Il en résulte clairement que les quatre oiseaux représentent les quatre enfants d'Osiris: Amset, Sis, Soumants et Kebhsniv, génies des quatre points cardinaux, vers lesquels on les prie de se diriger pour annoncer aussi au monde entier qu'à l'exemple du dieu Hôrus, le roi Rhamsès-Méiamoun vient de mettre sur sa tête la couronne emblème de la domination sur les régions supérieures et inférieures. Cette couronne se nommait pschent; c'est celle que porte ici, en effet, et pour la première fois, le roi debout et devant lequel se passe la fonction sacrée qu'on vient de faire connaître.
La dernière partie du bas-relief représente le roi, coiffé du pschent, remerciant le dieu dans son temple. Le monarque, précédé de tout le corps sacerdotal et de la musique sacrée, est accompagné par les officiers de sa maison. On le voit ensuite couper avec une faucille d'or une gerbe de blé, et, coiffé enfin de son casque militaire comme à sa sortie du palais, prendre congé, par une libation, du dieu Amon-Hôrus rentré dans son sanctuaire.
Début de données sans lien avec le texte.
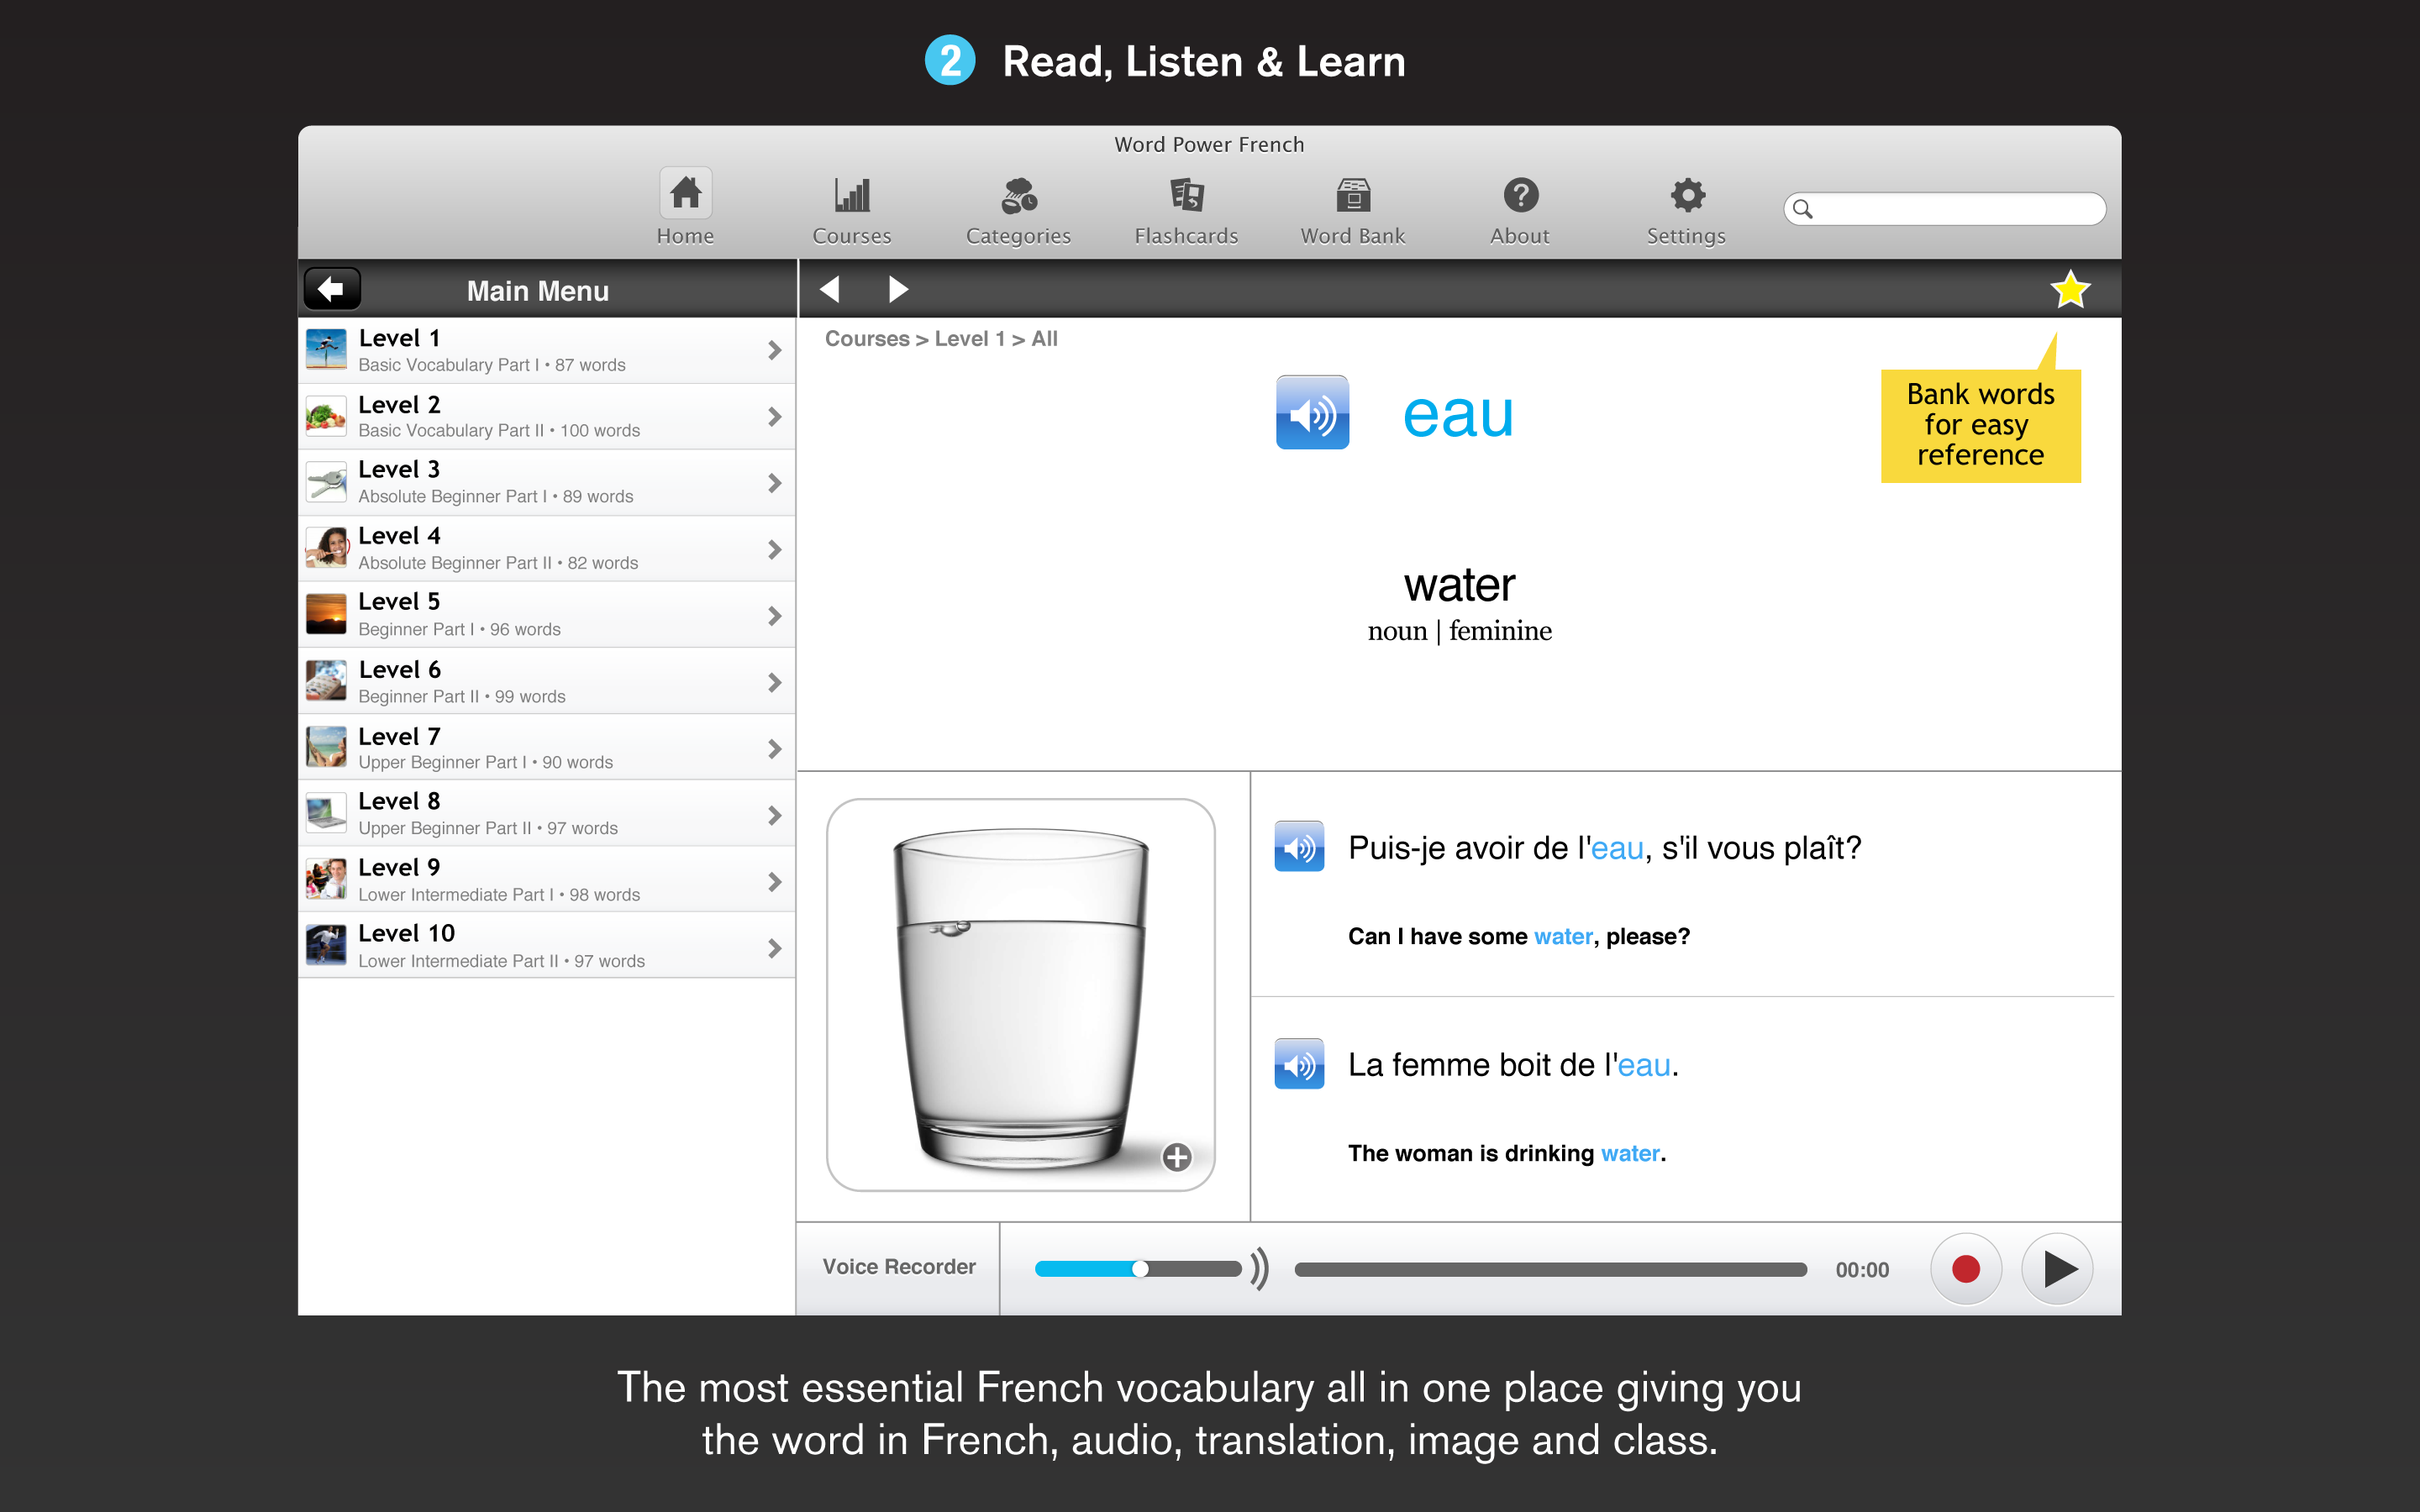 Screenshot 2 - Learn French - Gengo WordPower

La reine est encore témoin de ces deux dernières cérémonies; le prêtre invoque les dieux; un hiérogrammate lit une longue prière; auprès du Pharaon sont encore le taureau blanc et les images des rois ancêtres dressées sur une même base.
C'est en étudiant cette partie du tableau que j'ai pu m'assurer enfin de la place relative qu'occupe Rhamsès-Méiamoun dans la série des dynasties égyptiennes. Les statues des rois ses prédécesseurs sont ici chronologiquement rangées, et comme cet ordre est celui même que leur assignent d'autres monuments de Thèbes, aucun doute ne saurait s'élever sur cette ligne de succession, ces statues, au nombre de neuf, portant devant elles les cartouches prénoms des rois qu'elles représentent. Rhamsès-Méiamoun, comme Rhamsès le Grand (Sésostris), ayant marqué son règne par de grands exploits militaires, ces deux princes ont été confondus par les historiens grecs en un seul et même personnage. Mais les monuments originaux les différencient trop bien l'un de l'autre pour que la même confusion puisse avoir lieu désormais. Je me propose de traiter ailleurs de cette importante distinction avec plus de détails. Revenons à la décoration de la magnifique cour de Médinet-Habou.
On a sculpté dans le registre supérieur de la galerie de l'est, partie gauche, et dans celui de la galerie du sud, une seconde cérémonie publique tout aussi développée que la précédente. Celle-ci est une panégyrie célébrée par le roi en l'honneur de son père, le dieu Sochar-Osiris, le vingt-septième jour du mois de Hathôr. Je possède également des dessins fidèles de cette solennité et la copie des nombreuses légendes explicatives qui l'accompagnent.
Il faut passer rapidement sur les scènes de consécration et les honneurs royaux décernés par les dieux à Rhamsès-Méiamoun, et que reproduisent une foule de grands bas-reliefs sculptés dans les registres inférieurs des galeries de l'est, du nord et du sud; je dois encore mieux me dispenser de noter ici le nom des divinités auxquelles le Pharaon présente des offrandes variées dans les cent quarante-quatre bas-reliefs peints qui ornent seulement les seize piliers des galeries est et ouest, non compris tous ceux du même genre sculptés sur le fût des trois grandes colonnades qui soutiennent, soit les galeries nord et sud, soit l'intérieur de la galerie de l'ouest.
Sur la paroi du fond de cette galerie ou portique formé par une double rangée de piliers-cariatides et de colonnes, vingt-quatre grands bas-reliefs retracent les hommages pieux du roi envers les dieux, ou les bienfaits que les grandes divinités de Thèbes prodiguent au Pharaon victorieux. Une série de figures en pied ornent le soubassement de cette galerie et méritent une attention particulière.